Отец приподнял руку – движение почти не было видно, скорее угадывалось в темноте.

– Он не пойдет на войну, детка. Через год война кончится.

– Один раз он уже воевал.

– Тогда было совсем другое дело. В сущности, он не…

– И его ранили, – сказала Либби.

– Да… – отец чиркнул спичкой и зажег сигару, которую все время держал в руке. Огонек осветил и лицо миссис Саксл; слегка выпятив нижнюю губу, сочувственно и немного растерянно смотрела она на мужа. – Да, его ранили, – подтвердил мистер Саксл.

Минуту все молчали, думая о том, что Луи был ранен; алел в темноте огонек сигары, поскрипывали качели. Либби опустила котенка на пол; он постоял у ее ног, не зная, как быть дальше, потом, грациозно переступая лапками, сделал несколько шажков и свернулся в клубок под качелями.

– Я никогда не видела покойника, – сказала Либби каким-то отрешенным голосом.

– Да что с тобой сегодня? – рассердилась миссис Саксл. – Брат завтра приезжает домой, а ты уже его похоронила! И что это на тебя нашло? – с досады она повысила голос, потом продолжала спокойнее: – Такой чудесный день, хороший обед… нам всем было так весело, особенно тебе… и вдруг – война, смерть. Ах, Либби, Либби! Не будем говорить об этом, не надо сейчас об этом говорить. Поговорим лучше о том, что будет завтра и что надо сделать. Господи боже, у нас столько дел на завтра – и у тебя не меньше, чем у других, имей в виду.

Она замолчала. Либби не шевельнулась, не произнесла ни слова. Неожиданно мать сказала:

– А кроме всего, ты уже видела покойника. Твоего дедушку.

– Нет, не видела. Я на него не смотрела.

Мистер Саксл опять слегка приподнял руку.
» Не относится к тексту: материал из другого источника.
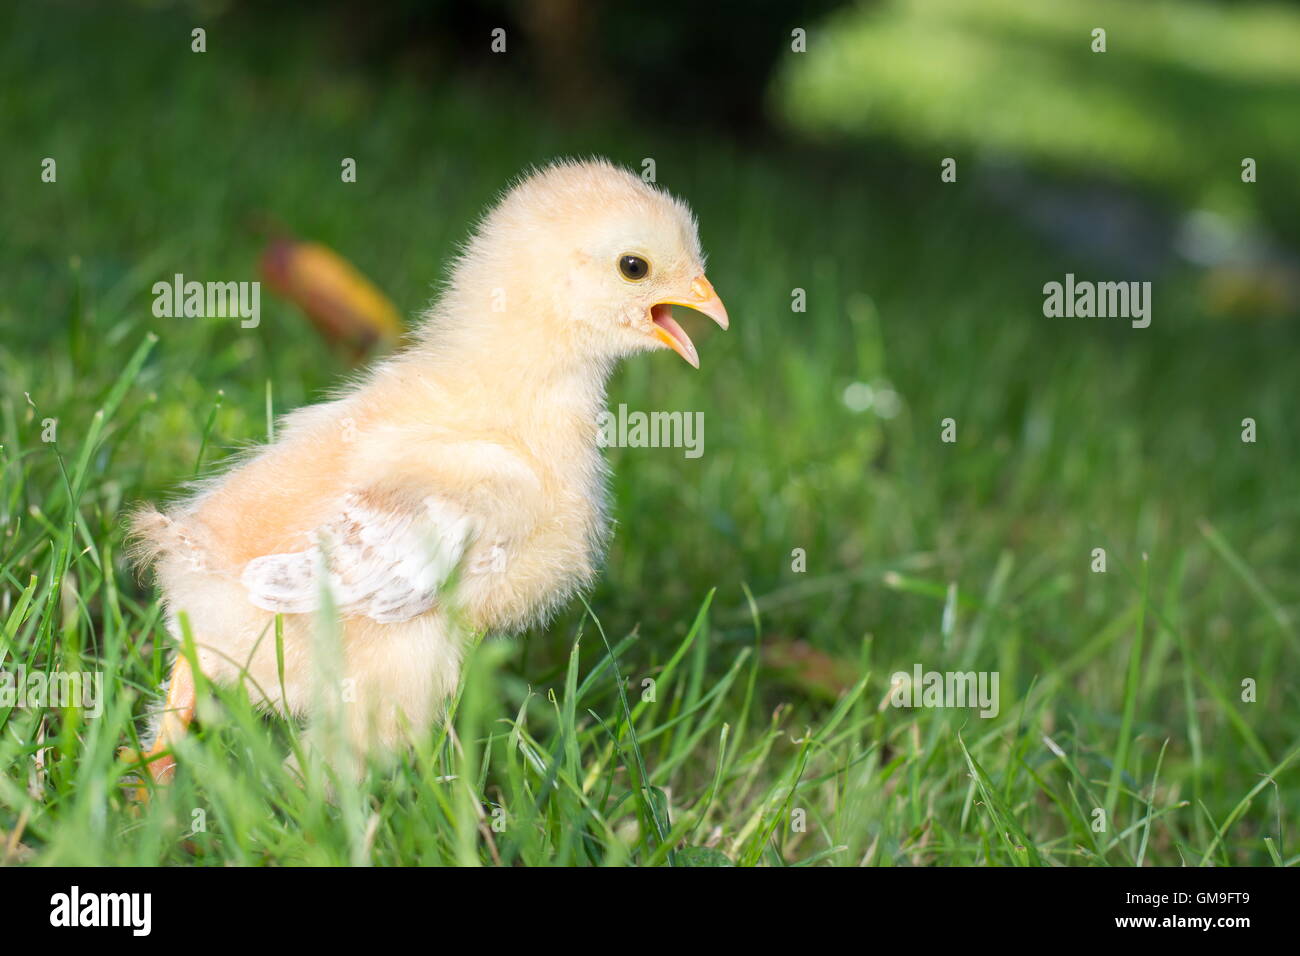 Baby chicken walking on green grass Stock Photo

– Ну, дорогая, вот уж это совсем лишнее.

Жена засмеялась мягким грудным смехом: ну да, конечно, наговорила лишнего. Либби расхохоталась. И они стали строить планы на завтра. Либби испечет печенье. Может быть, устроить небольшую вечеринку? Пригласить друзей Луиса? Чего бы ему самому хотелось? И что еще можно придумать?

Мимо прошла девушка, остановилась, потом направилась к веранде.

– Вы дома? Можно к вам? Скажите, это правда, что написано в газете?

С нею приветливо поздоровались. Саксл поднялся, потом опять сел в кресло. Либби взяла гостью за руку.

– Приятно на тебя посмотреть, Элис, – сказала миссис Саксл. – Луи будет в восторге. Какая она хорошенькая, правда, Бен? Ну, ну, ты и сама это знаешь. И Луи всегда был того же мнения. А как мама поживает?

Да ничего, спасибо, мама очень занята, у нее столько хлопот. Им хотелось бы устроить обед в честь Луи, только захочет ли он? Как думают миссис и мистер Саксл, надолго он приезжает?

– Прямо страшно, знаете, – сказала она под конец. – Он ведь теперь ученый. Даже не знаю, как я буду с ним говорить.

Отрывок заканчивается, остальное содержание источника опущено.